Maybe I want ovens and pizzas and people, for example. People with, well, that kind of looks like a stove, but that's an oven. You can kind of see a blurry person over here. Here's a person with a pizza, and there's an oven in the background.
Maybe I'm interested in a person with a laptop. I'll find those. Maybe I'm interested in more than one person or a group of people with laptops. Maybe I'm looking for
people at a bakery. Greater than two people at a bakery. Maybe I want less than two people at a bakery. Well, let's see. Or less than or equal to two. Let me get that equal out of there. And there's only one person at a bakery. What are some other things that we need to consider
going forward with this? In some of this work that we did in Lucene, it kind of appeared that
the codec, the encoding and decoding of the payloads was a little bit fragmented. It would be a nice improvement in the code to make it a little more extensible. And once that codec library would be a little more extensible, it would be a very short lift to do some things like vector matching, where if you encoded not just a single floating point value, but an array
of floating point values, you could start doing things like computing cosine similarities. Once we have these sort of classification feature vectors from these neural networks, it's a small jump also to look at the classifications that came out for an image and compose a find similar to find other images that had similar style classifications
and classifications in similar ranges. One of the things that kind of jumped out at me is additional things that would be nice to have. The syntax for this is a little bit difficult to work on. It's not definitely something that an end user would type in.
Having some NLU or NLP sort of front end for query parsing so that you could in natural language say show me a picture of an oven with some pizzas and at least two people and translate that into the appropriate query.
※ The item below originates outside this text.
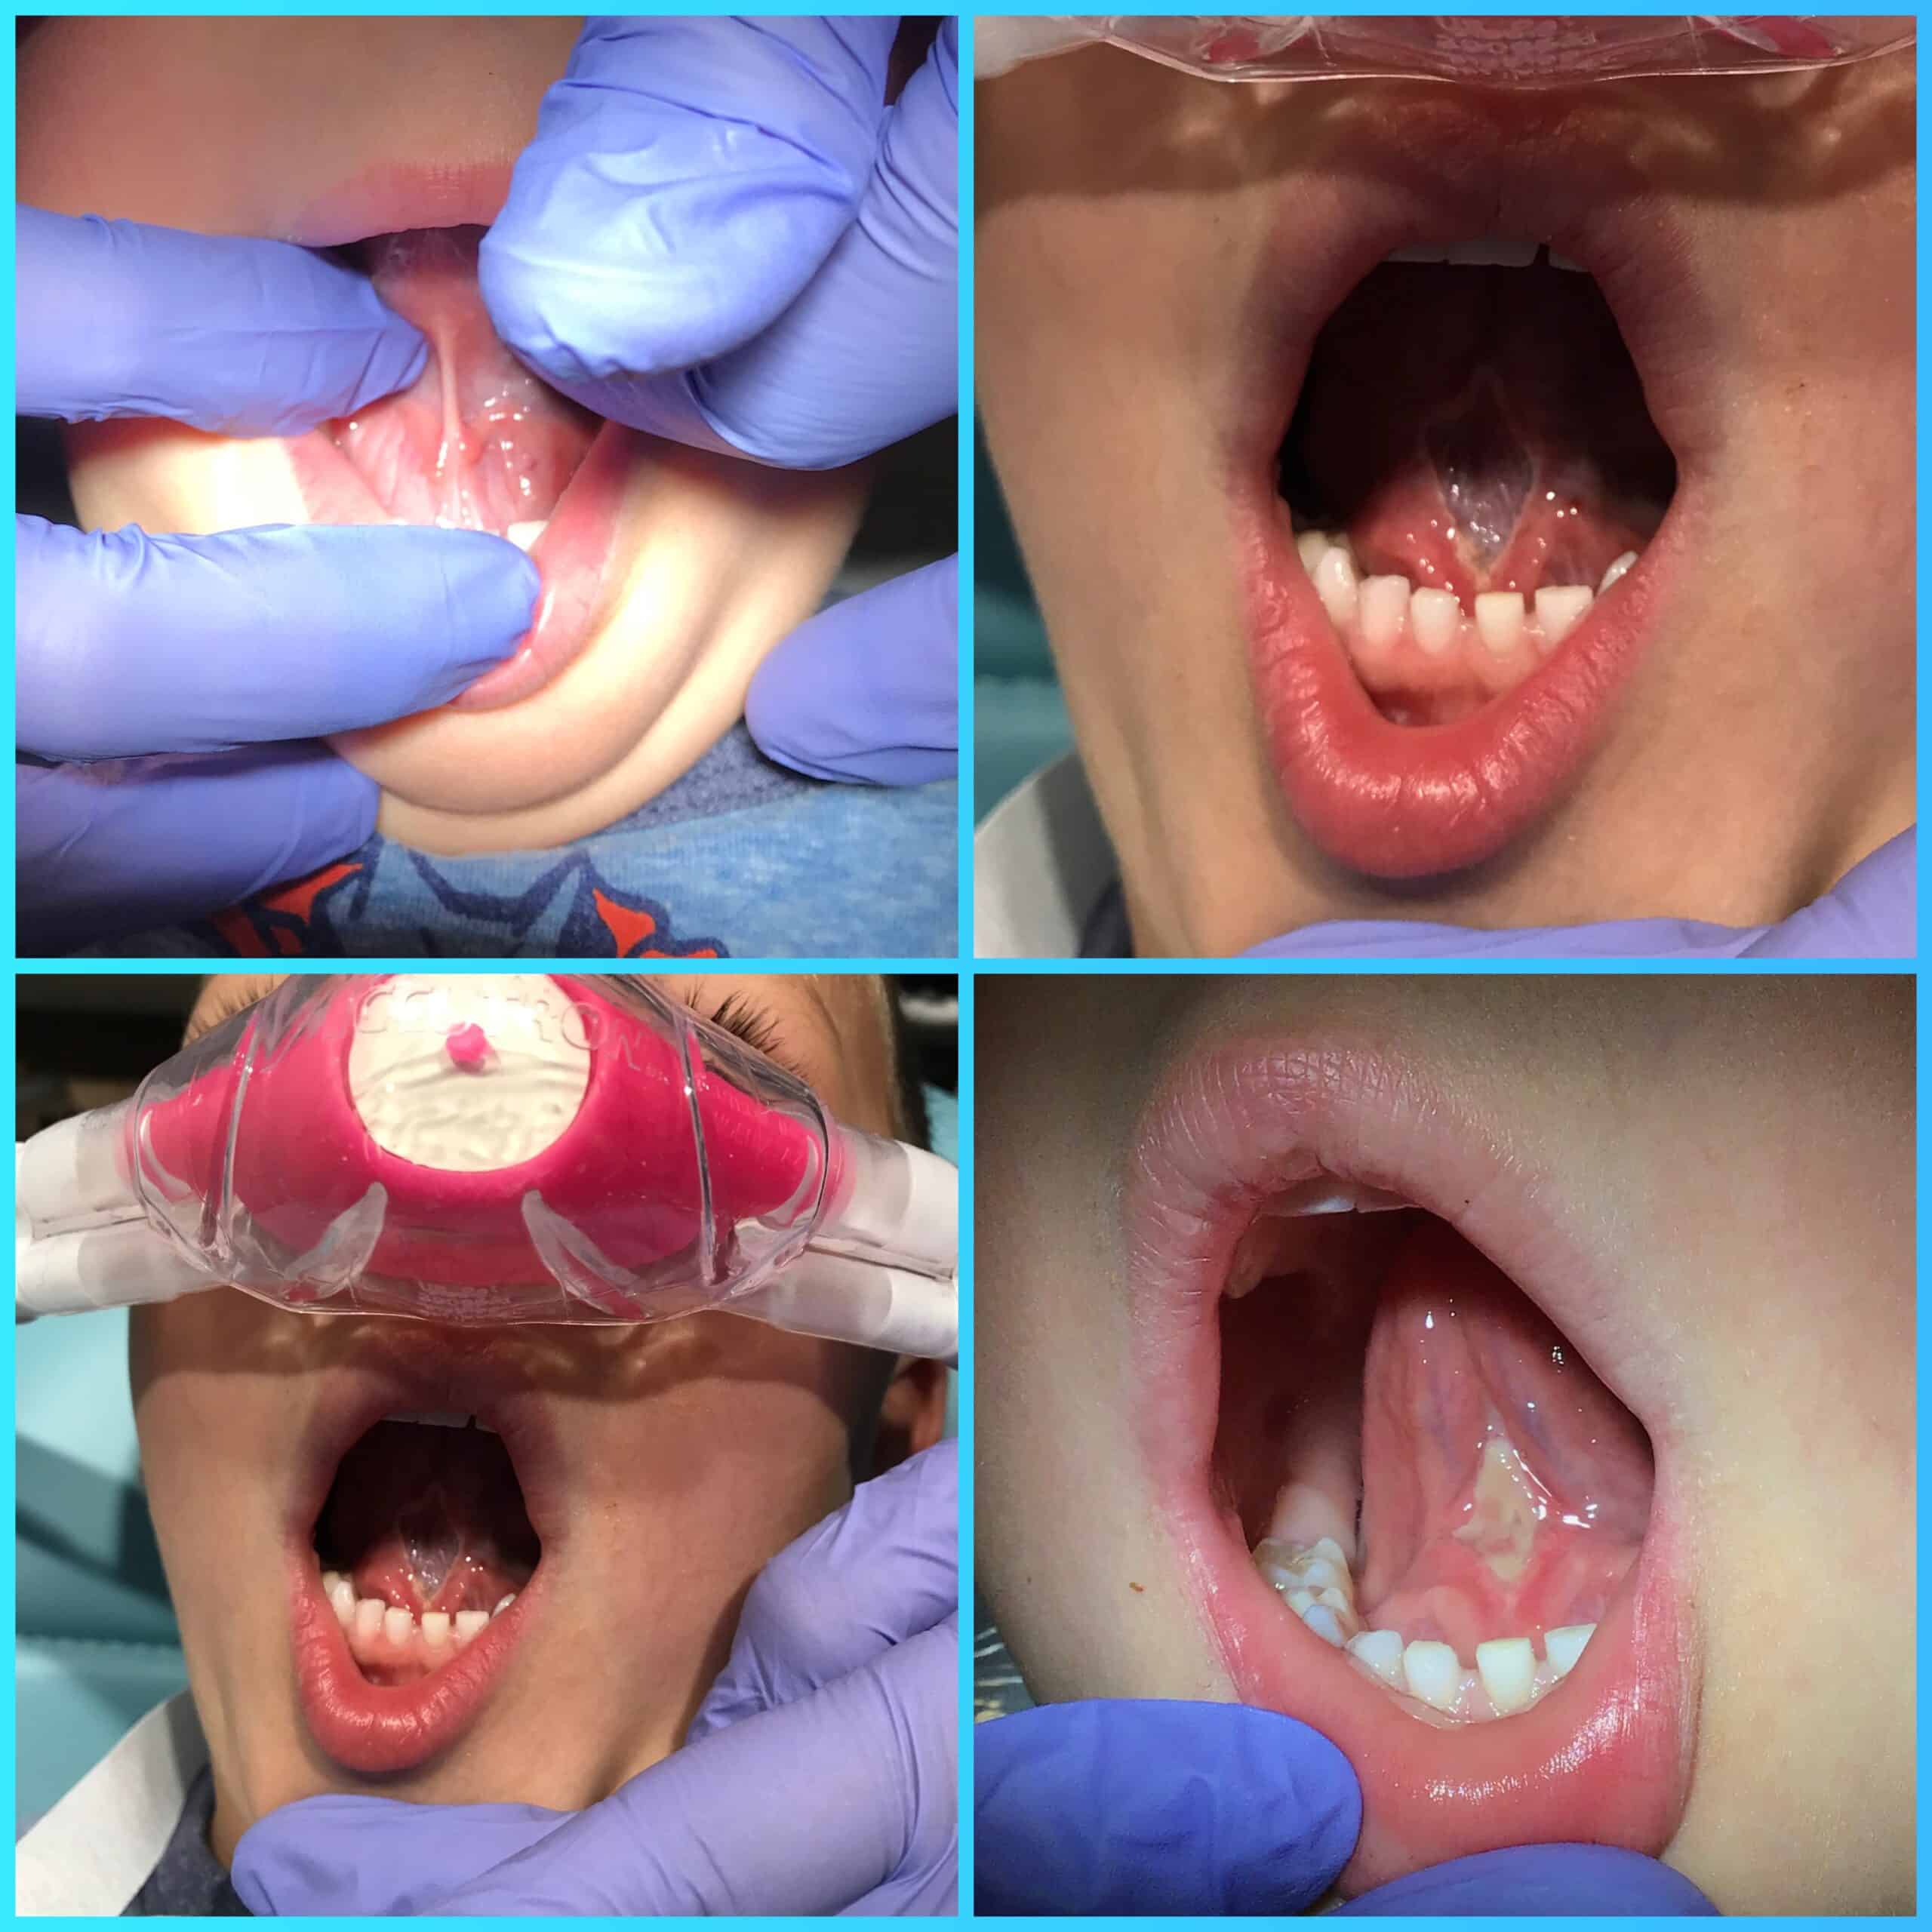 Shows progress of Tongue Tie Release Surgery

So this was all added back in. This will be in Solr 9 when Solr 9 is released.
In the tickets we've seen 9659 and Solr 14787. Myself as a contributor and committers Gus Heck and Dave Smiley, a big thank you to them for helping usher this through to the
community. And yeah, I think we have two minutes for questions. Maybe a few more if I'm lucky. Great talk, Kevin. And as I can read from here, even people feel the same. It was a great talk with a great example that you have showcased. We do have some questions. Some of the questions
are answered by the community itself. However, someone asked that can this payload approach be used in Elasticsearch? Although the link for this has already been provided, but would you like to extend? Sure. So the span payload check query and the Lucene layer,
as soon as that is included in the latest Elasticsearch build, then at least the Lucene query would be there. You would still very much likely need some extension to the existing payload support in Elasticsearch. So being Lucene under the covers, there's no reason why it couldn't be extended to Elastic, but it's not currently supported.
Great. I think on the same line was the question that how easy it would be to extend the query parser in Elasticsearch as it is done in Solr in this talk. And I think you've already answered that question. Yeah, yeah, yeah, absolutely. So, you know, either with separate plugins or extending the existing, existing Elastic source, you'd be able to do that.
But again, this is going to require that Elasticsearch is pulling in the latest Lucene from the 9x branch. Correct. Yep. I think Max Erwin also commenced the same thing. Probably he has tried something on that sort already. So he requests if there is a way to reference the
payloads in a painless script, if that can be provided. We haven't done that. And actually, I was kind of looking at it a little bit more. It'd be nice to kind of extend this payload check support into the payload score query parser so you could start doing things
like that. That would be a very nice future enhancement for certain.